:: Recorded information ::

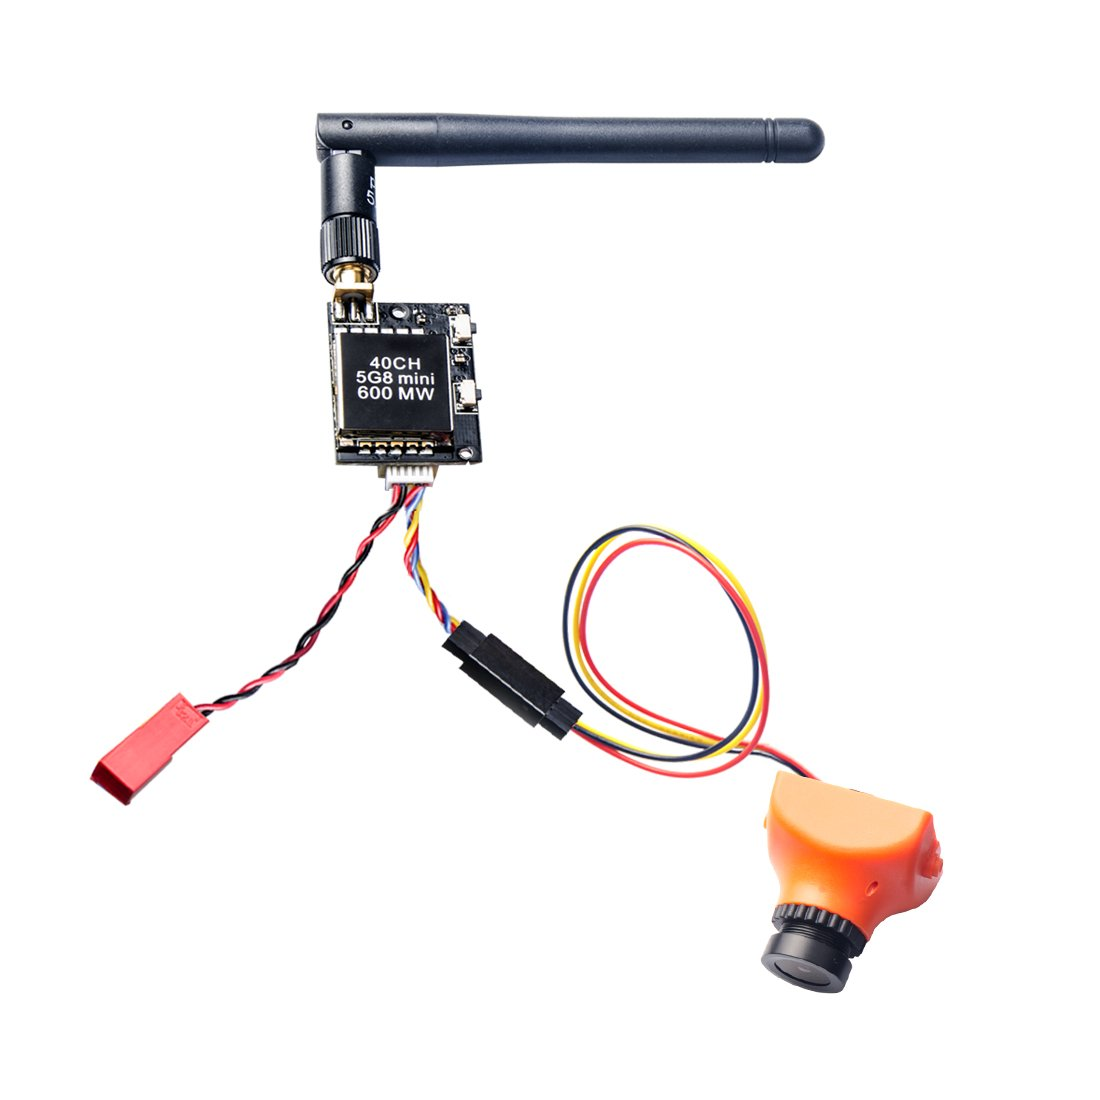 AKK Transmitter Picture Quality Multicopter
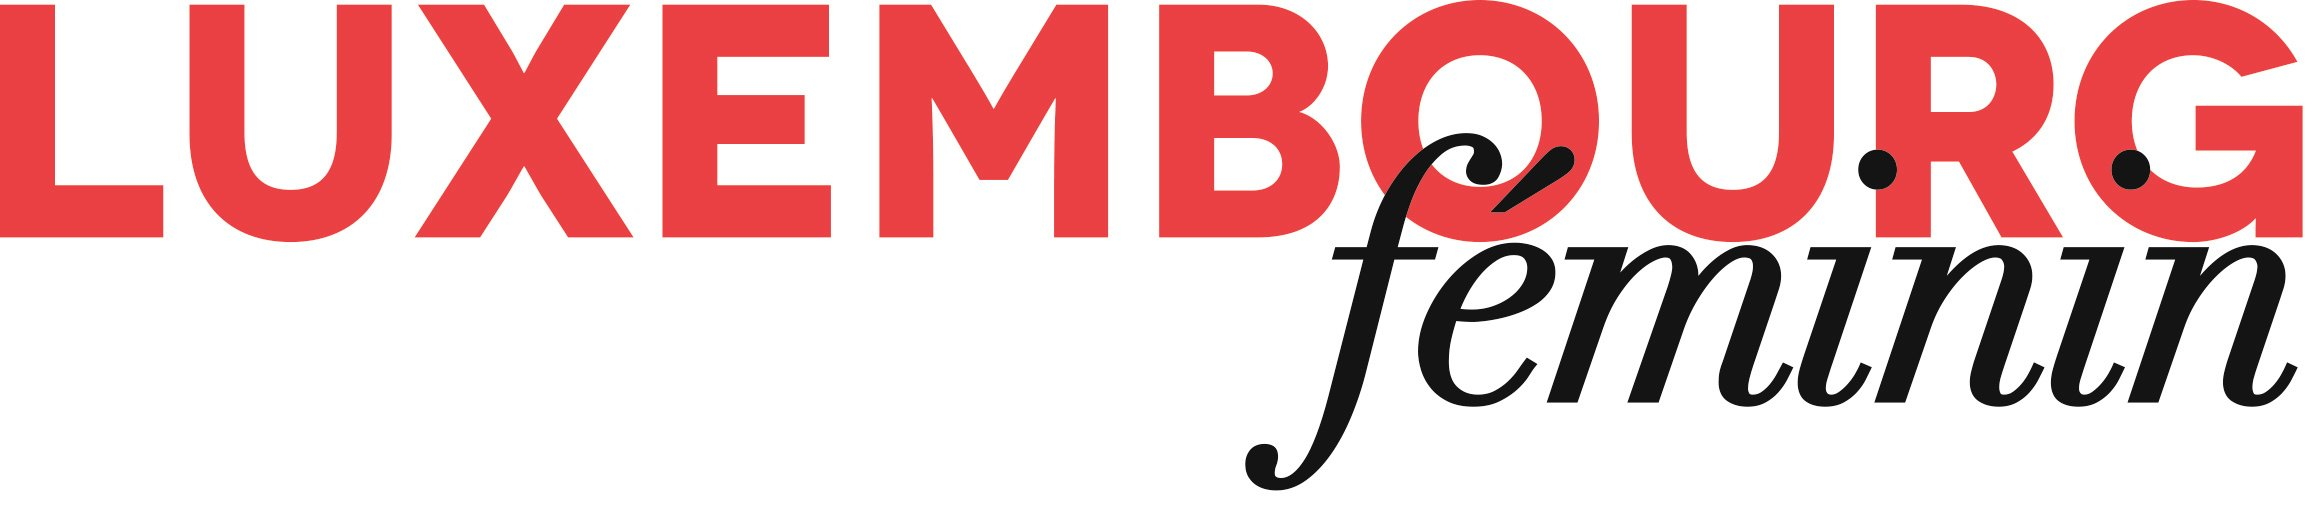 Logo Luxembourg féminin pour Amatera
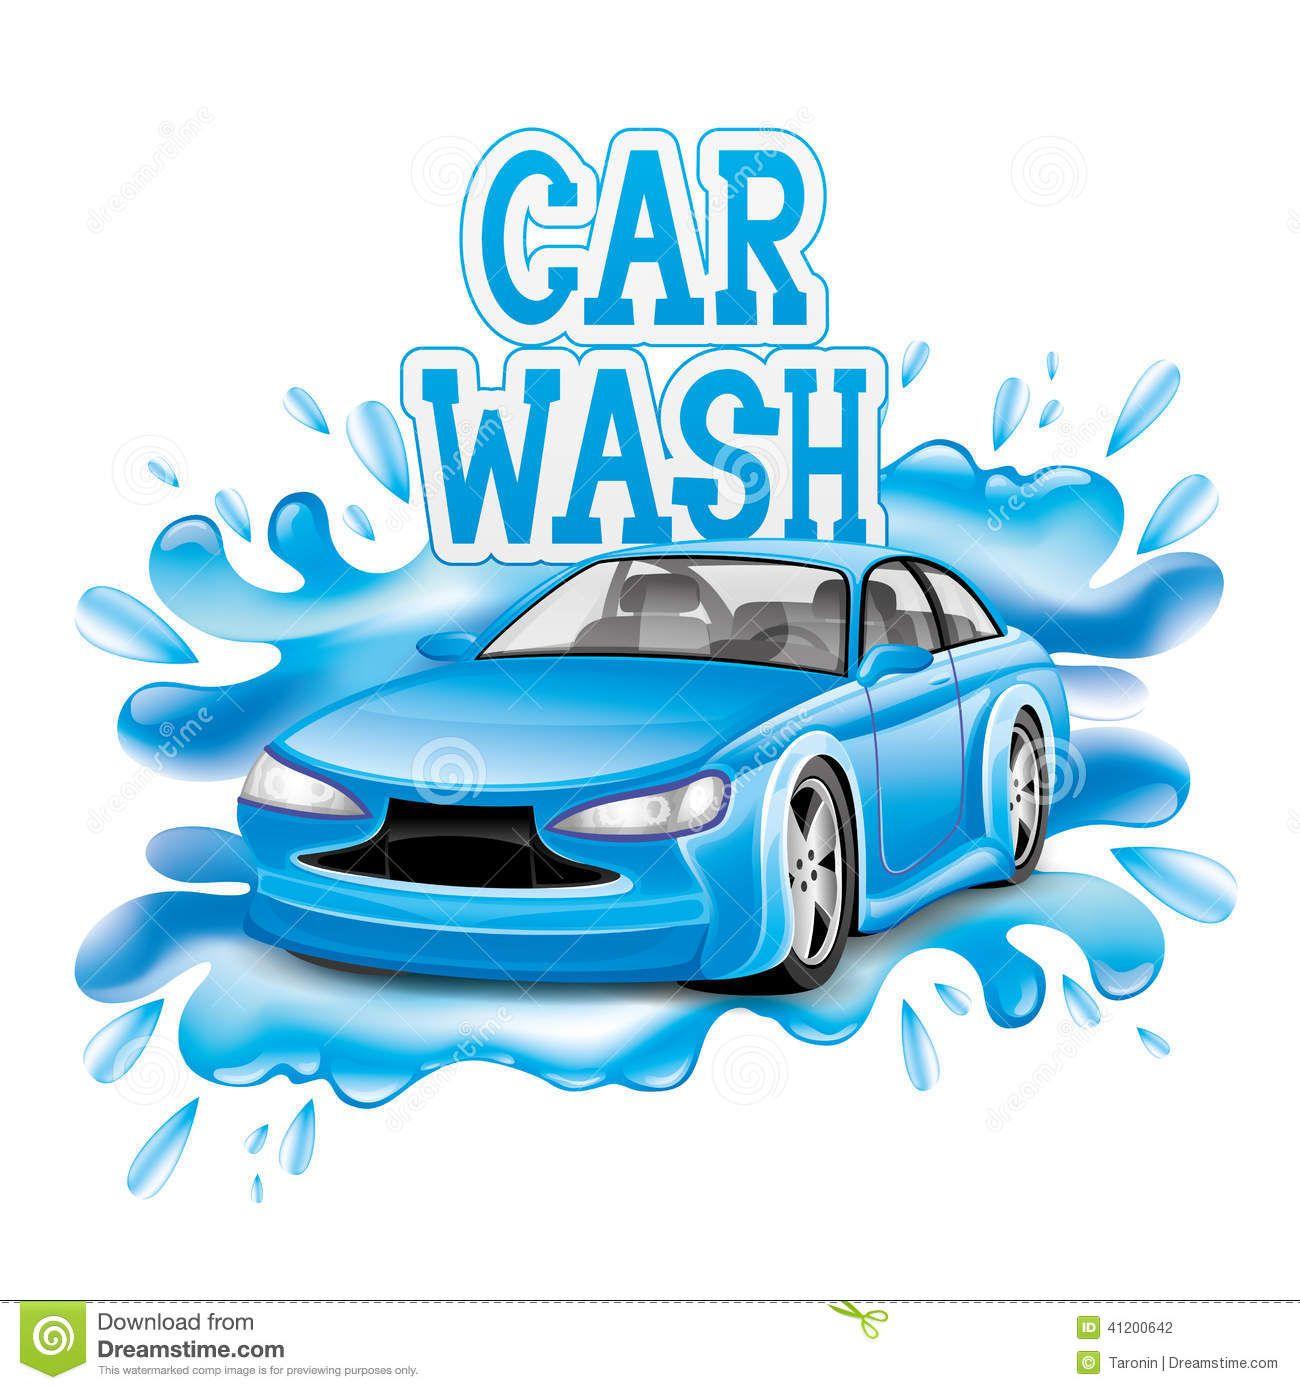 Car Wash Car Wash Car Wash Sign Car Wash Posters

:::

**What you need to do**
The data is to be printed again exactly, but without its pictures.

**Answer to the problem**
 AKK Transmitter Picture Quality Multicopter
 Logo Luxembourg féminin pour Amatera
 Car Wash Car Wash Car Wash Sign Car Wash Posters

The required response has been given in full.